The VERITAS orbiter will interrogate the geology of the planet by taking high-resolution images through radar observations capable of detecting evidence of land or landforms created by water flows or past tectonics. The most exciting target may be the tesserae: highly deformed high mountain regions believed to be the oldest geological features on the planet. If VERITAS detects evidence from ancient oceans — or at least about the type of geological activity that could have kept the planet warm for a long time — it will accept the idea that another rotating exoplanet could achieve the same conditions.

“Thinking about going together is really a complementary mega mission,” says Lauren Jozwia, a planetary scientist in the Johns Hopkins Laboratory of Applied Physics working on the VERITAS mission. “This idea that you would like to do geological mapping and atmospheric sounding has been at the core of what you wanted to study on Venus,” says Jozwia.

In the end, if Venus was always inanimate, then the reason has to do with its proximity to the sun.
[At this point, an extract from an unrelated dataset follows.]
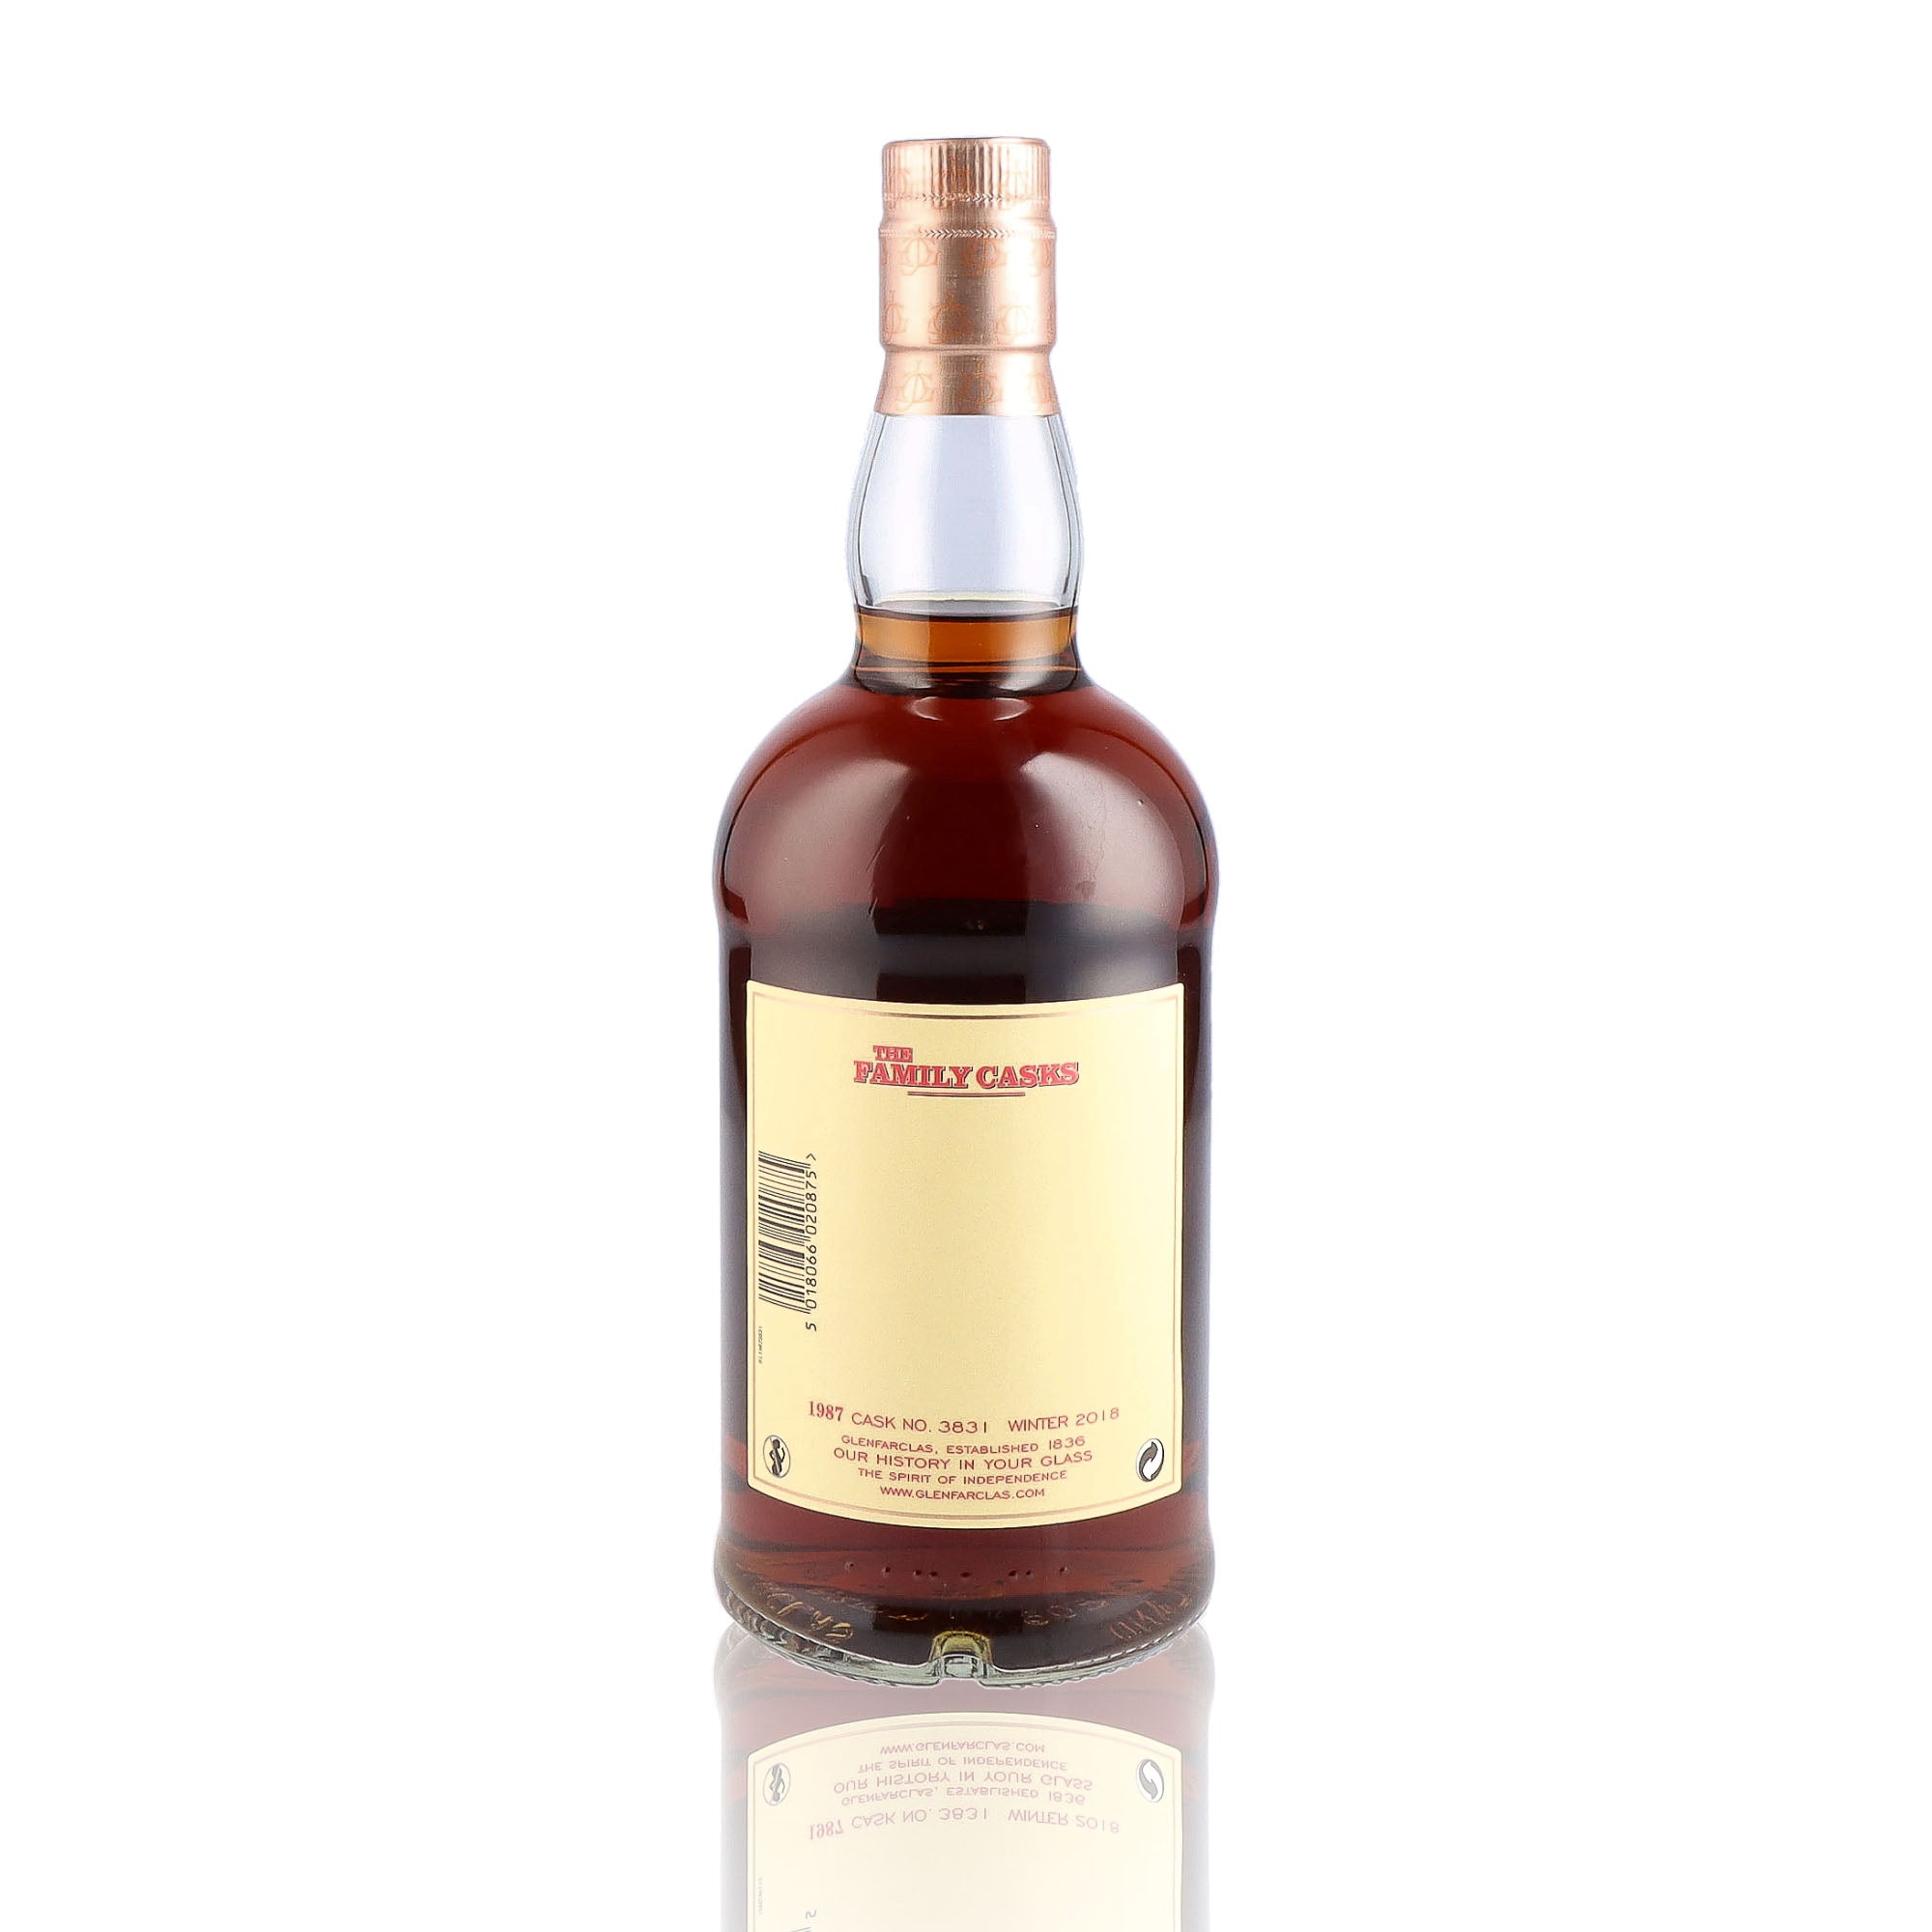 Une bouteille de Scotch Whisky Single Malt de la marque Glenfarclas, nommée The Family Casks, 31 ans d'âge, du millésime 1987.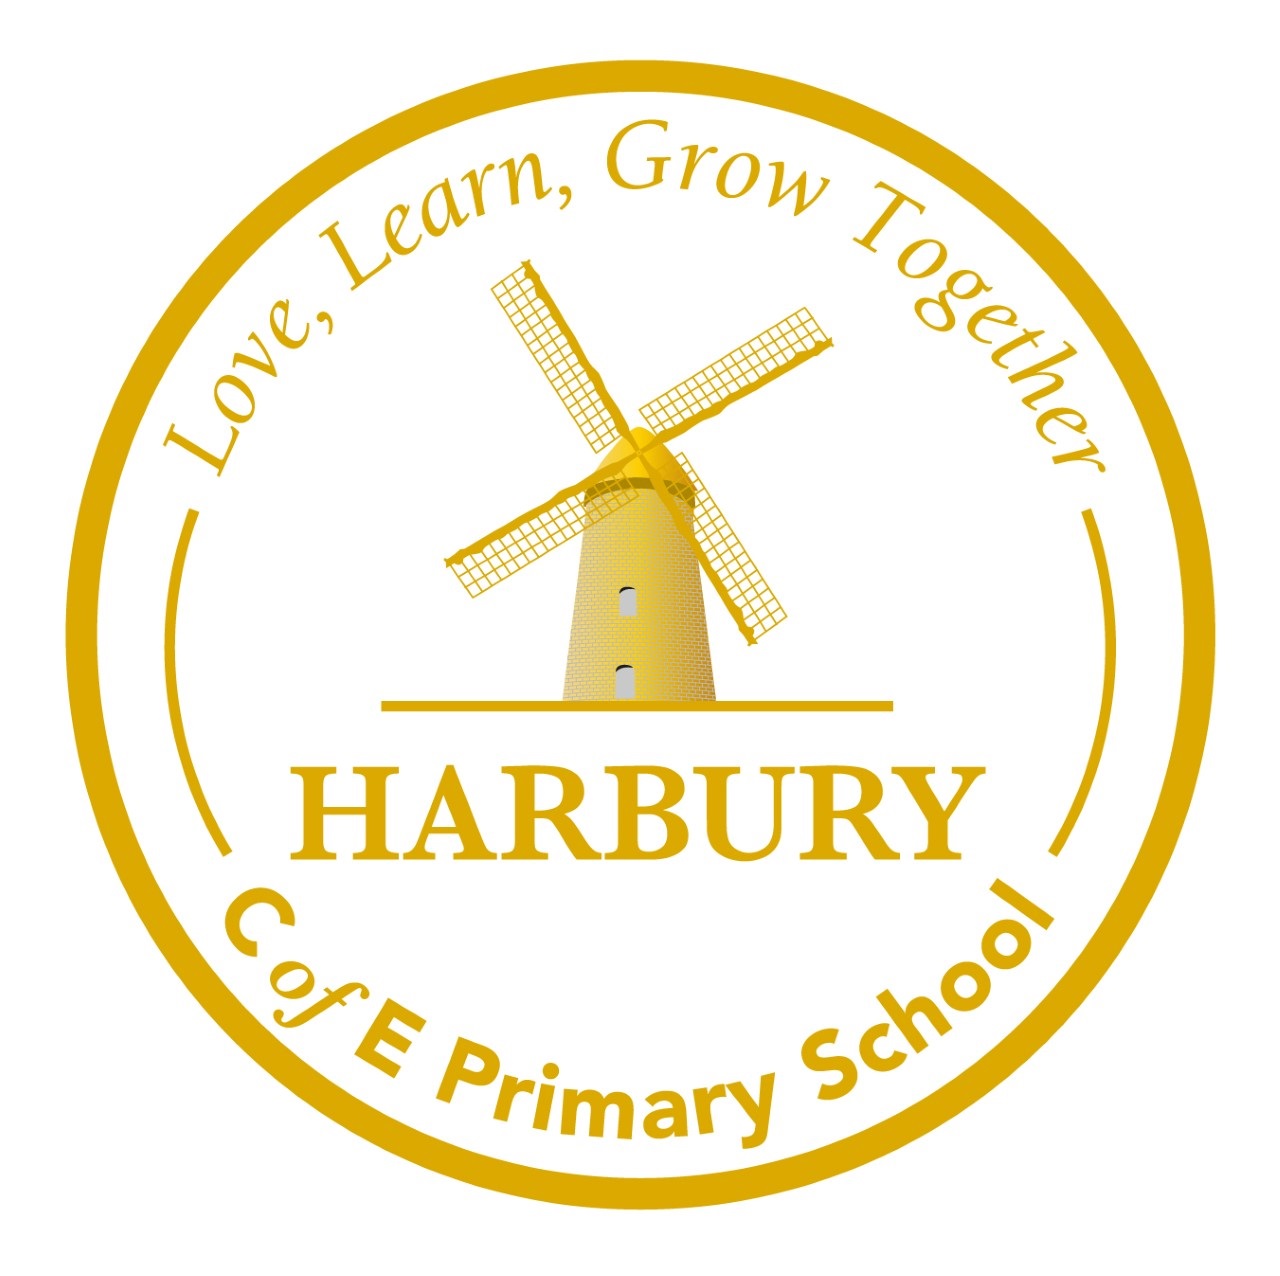 Harbury C of E Primary School

So an exoplanet of similar size that is proportionally close to its star will be like Venus. And we better focus more research on exoplanets farther from their stars.

On the other hand, if Venus was fresh before it became a permanent furnace, it means that we should take the “Venus zone” exoplanets seriously because they can still be stimulating. It suggests that factors such as plate tectonics and volcanism play a critical role in the mediation of living conditions, and we need to find ways to investigate these things even in distant worlds.

The more we think about what DAVINCI + and VERITAS can achieve, the more we seem to be underestimating how excited we should be. Jozwiak says these next missions will “completely change the way we think about Venus and the formation of planets in general.” “It’s an exciting time to find out if Venus is’ the Earth of the future.”